My sister and I went to stay with different maternal aunts after our parents started to have financial problems.

The Children’s Court Inquiry was finalized and I was placed with my maternal aunt and her husband in a different province. I went to visit my parents from time to time but were returned to my aunt on private arrangement.

After my foster parents got divorced the placement failed and I was placed in safe care with Mr and Mrs Z (not related).

Mrs Z, sent me to be professionally assessed by a social worker. The social worker’s report stated that I was exposed to family violence, alcohol abuse and possible sexual games in our house.

I was then assessed again and for the first time I could open up and tell the truth.   I confirmed that it was true. I had to mention that my elder brother sexually molested me, I told my mother but she ignored it.

I maintained an average of 80% at school and enjoyed a lot of different sport activities. I was comfortable with my placement and have a strong bond with my new family and feel that I belong.

I have contact with my mother via phone calls but do not feel comfortable with physical contact.

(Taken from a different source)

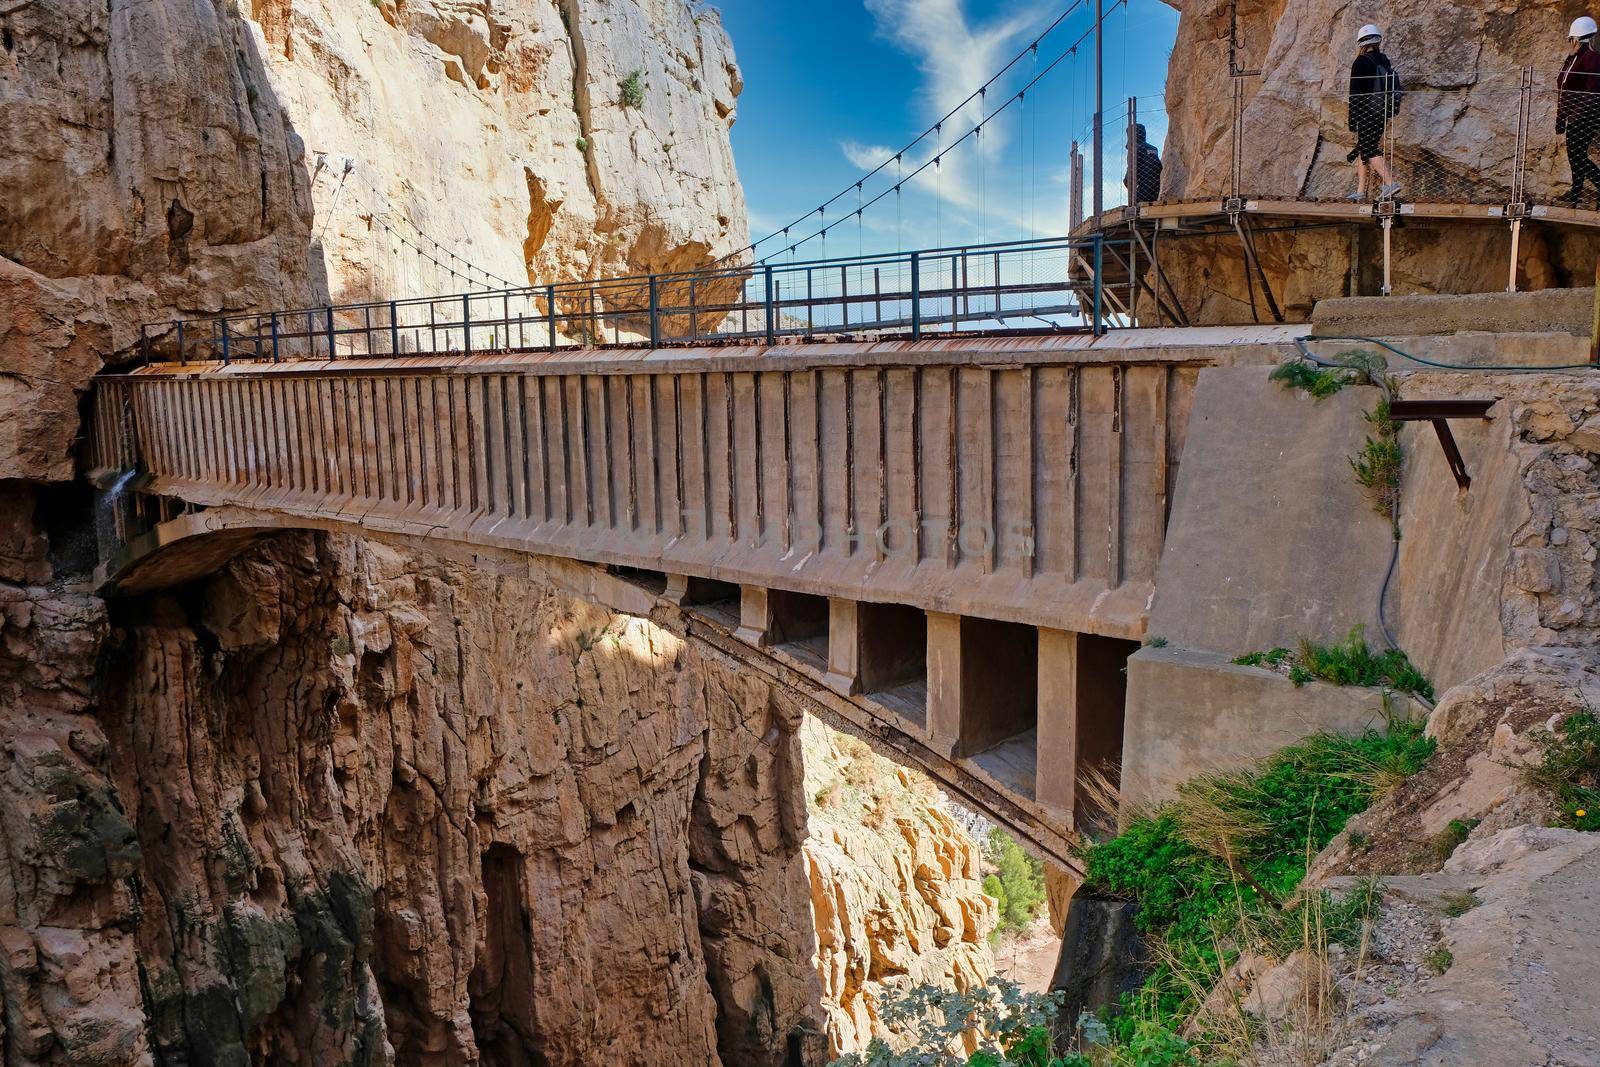 Bridge in the Caminito del Rey gorge in Spain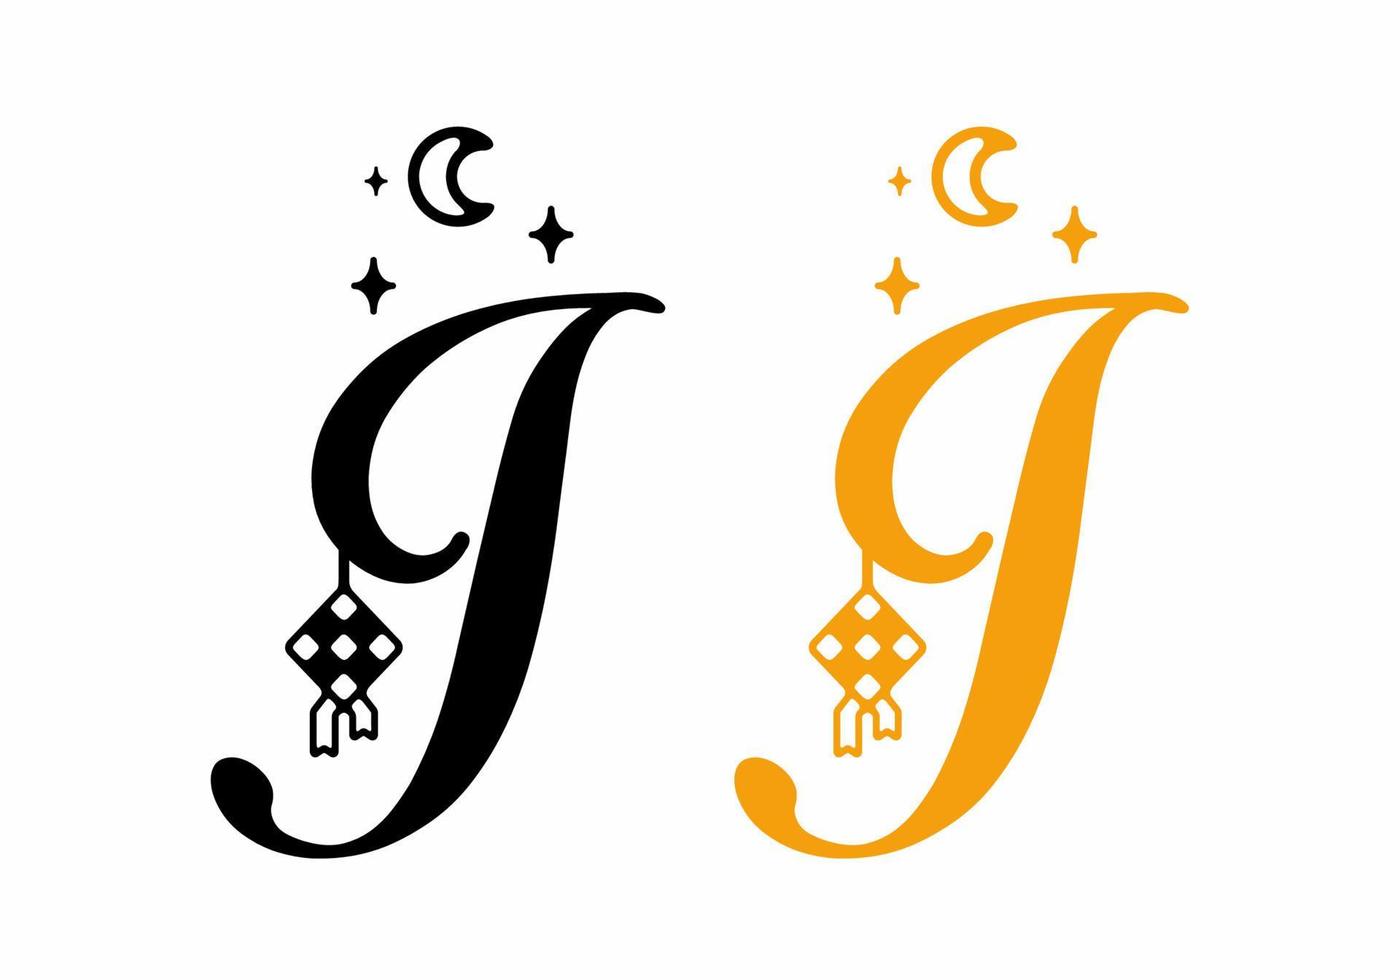 schwarz und gelb von j anfangsbuchstaben im ramadan-thema vektor

With all the support from my foster parents, the social worker and my new family, I finished matric a year ago and are now studying at Potchefstroom University.

I see a bright future for myself.

Foster care includes stability, a better support system for the child, and the foster parents making a difference.

Story of Hope

Story of Hope

My parents had no proper accommodation and lived in very bad circumstances. My mother tested positive for Dagga and Crystal Meth and my father could not take proper care of me.

Because there were no close family that could take proper care of me, the social worker explained to my biological parents that I had to be placed in temporary safe care. My parents visited me for the first time at the Place of Safety House and I was very emotional.

My parents attended the Children’s Court Proceedings and afterwards visited me at the Place of Safety House and the visit went well. My parents could not visit me during the lockdown for Covid-19 pandemic but could phone me. My parents had to follow the rules of the Place of Safety House.

I have adjusted well to the structure and the routine of my Place of Safety House. I have contact on a regular base with my biological parents but I enjoy going back to play with the other toddlers at my Place of Safety House. With my last visit under the supervision of the social worker my mother again tested positive for drugs.

The social workers introduced me to Mr and Mrs X, who would like to become my Foster parents. I enjoyed it to play with Mr and Mrs X.

Mr and Mrs X is busy with the application and screening process to become my Foster parents.

Child abuse is when a parent or caregiver, whether through action or failing to act, causes injury, death, emotional harm or risk of serious harm to a child. There are many forms of child maltreatment, including neglect, physical abuse, sexual abuse, exploitation and emotional abuse.